6.      Uiterlijk binnen vier jaar te rekenen vanaf de datum van inwerkingtreding van deze richtlijn, bepaalt de Raad, op voorstel van de Commissie, met eenparigheid van stemmen, voor welke uitgaven geen recht op aftrek van de [btw] bestaat. De uitgaven die geen strikt professioneel karakter hebben, zoals weelde-uitgaven en uitgaven voor ontspanning of representatie, zijn in elk geval van het recht op aftrek uitgesloten.

Totdat de hierboven bedoelde voorschriften in werking treden kunnen de lidstaten elke uitsluiting handhaven waarin hun wetgeving ten tijde van de inwerkingtreding van deze richtlijn voorzag.”

 Nationale regeling

4        Artikel 25, lid 1, sub 3a, van de wet van 8 januari 1993 inzake belasting op goederen en diensten, alsmede inzake accijns (Dz. U. nr. 11, rubriek 50), in de op 30 april 2004 geldende versie (hierna: „wet van 8 januari 1993”), luidde:

„Verlaging van het bedrag of teruggaaf van het verschil van de verschuldigde belasting geldt niet voor door de belastingplichtige gekochte producten als benzine, dieselolie en gas die worden gebruikt voor de aandrijving van personen- of andere voertuigen met een maximaal toegestaan laadvermogen van 500 kg.”

5        In Polen zijn de bepalingen van de Zesde richtlijn omgezet bij wet van 11 maart 2004 inzake belasting op goederen en diensten (Dz. U. nr. 54, rubriek 535; hierna: „btw-wet”).

6        Overeenkomstig artikel 175 van de btw-wet is de wet van 8 januari 1993 per 1 mei 2004 ingetrokken.

7        Artikel 86, leden 3 en 5, van de btw-wet luidde oorspronkelijk als volgt:

„3.      Bij de aanschaffing van personen- en andere voertuigen met een toegestaan laadvermogen van minder dan het vermogen dat wordt bepaald volgens de formule:

TL = 357 kg + n x 68 kg

(TL      = toegestaan laadvermogen,

n      = aantal (zit)plaatsen, met inbegrip van de bestuurdersplaats)

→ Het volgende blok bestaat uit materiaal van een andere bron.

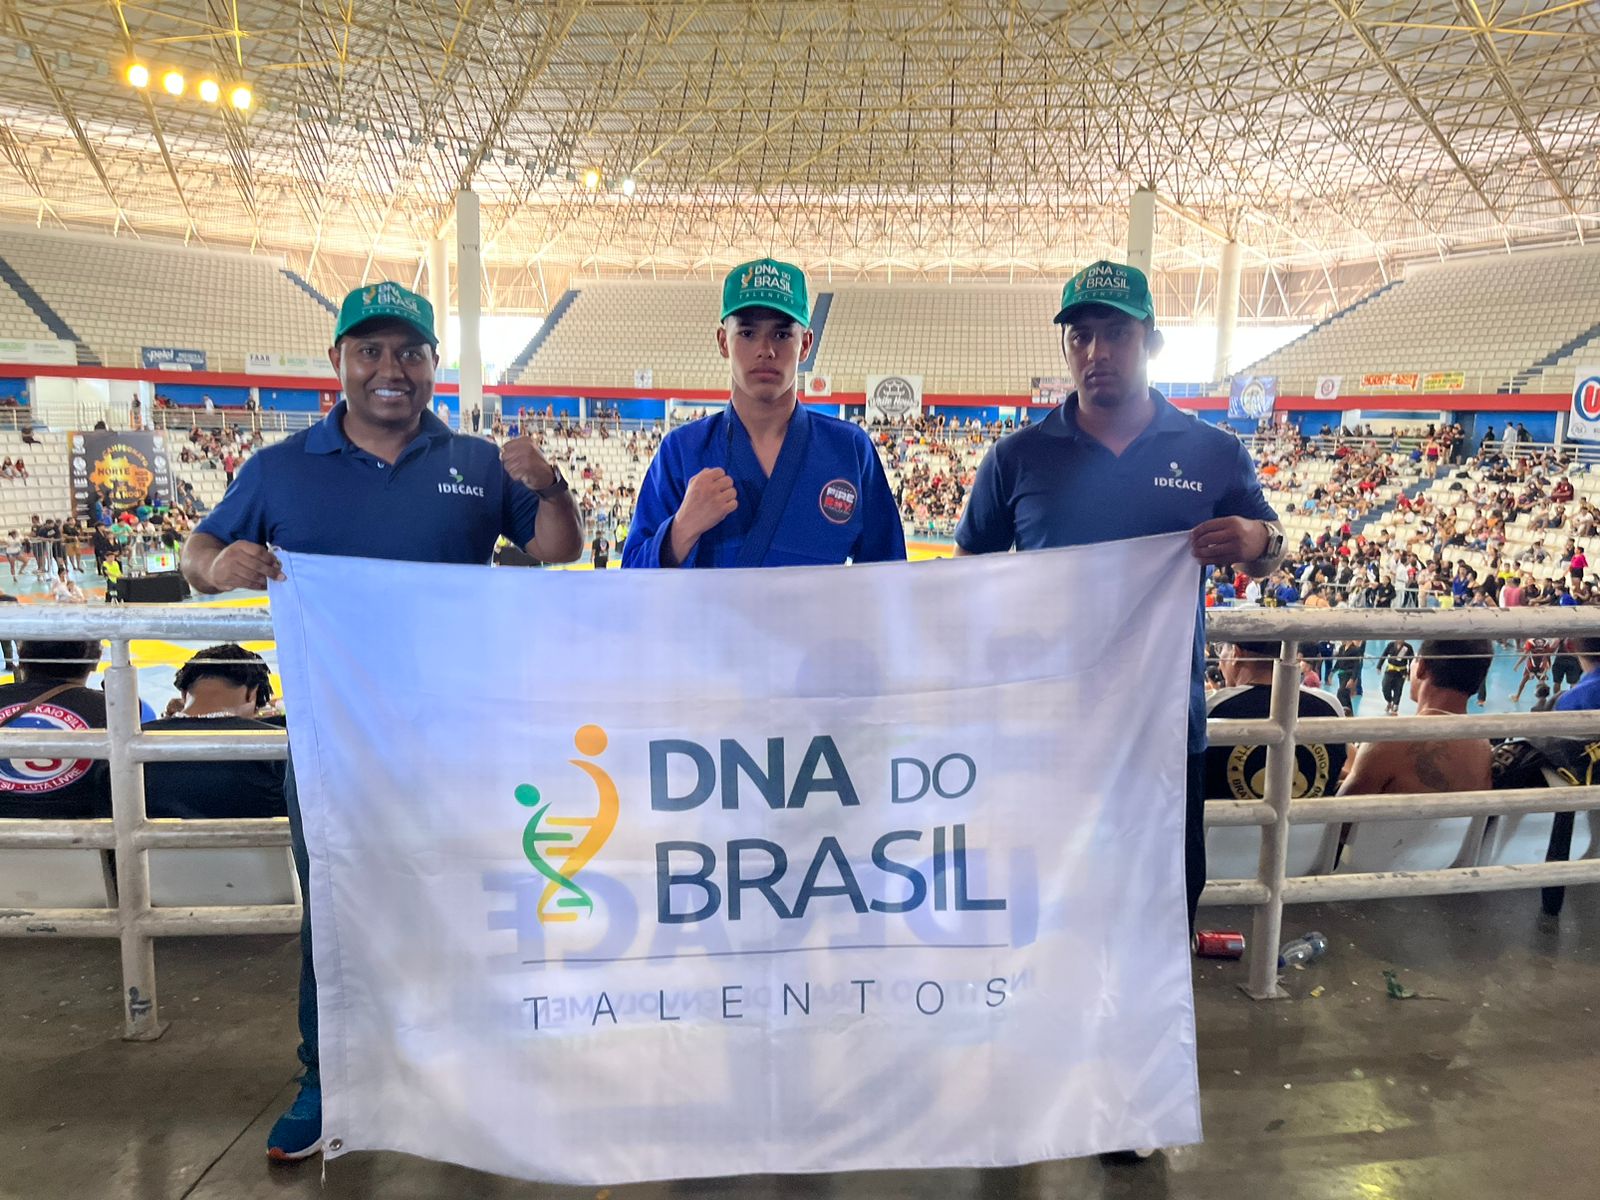 DNA Brasil athlete wins two medals at the Jiu-Jitsu championship in Manaus

bedraagt de voorbelasting 50 % van het op de factuur vermelde belastingbedrag of van het bedrag van de belasting verschuldigd over de intracommunautaire aanschaffing van goederen of van het bedrag van de belasting verschuldigd over de levering van goederen, waarvan de belastingplichtige de koper is, maar niet meer dan 5 000 PLN.

[...]

5.      Het toegestane laadvermogen van de voertuigen en het aantal (zit)plaatsen in de zin van lid 3 worden bepaald aan de hand van een uittreksel uit het goedkeuringsformulier of een kopie van de beslissing dat geen goedkeuringsformulier behoeft te worden verkregen, die overeenkomstig de wegenverkeerswet zijn afgegeven. Voertuigen waarvan in het uittreksel uit het goedkeuringsformulier of in de kopie van de beslissing als bedoeld in de eerste volzin, het toegestane laadvermogen of het aantal zitplaatsen niet is bepaald, worden ook beschouwd als personenvoertuigen in de zin van lid 3.”

8        Artikel 88, lid 1, sub 3, van de btw-wet bepaalde oorspronkelijk:

„Verlaging van het bedrag of teruggaaf van het verschil van de verschuldigde belasting geldt niet voor door de belastingplichtige gekochte producten als [...] benzine, dieselolie en gas die worden gebruikt voor de aandrijving van personen- en andere voertuigen als bedoeld in artikel 86, leden 3 en 5.”

9        Overeenkomstig artikel 176, sub 3, van de btw-wet waren de artikelen 86 en 88 daarvan van toepassing met ingang van 1 mei 2004, omdat in eerstgenoemd voorschrift werd bepaald:

„De wet treedt in werking na het verstrijken van een termijn van 14 dagen te rekenen vanaf de dag van bekendmaking ervan [dat wil zeggen 20 april 2004], met uitzondering van

[…]

3) de artikelen 1-14, artikel 15, leden 1-6, de artikelen 16-22 [...], de artikelen 42-95, die van toepassing zijn met ingang van 1 mei 2004.”

10      Bij wet van 21 april 2005 (Dz. U. nr. 90, rubriek 756), die in werking is getreden op 22 augustus 2005, is de btw-wet, met name de artikelen 86 en 88 daarvan, gewijzigd.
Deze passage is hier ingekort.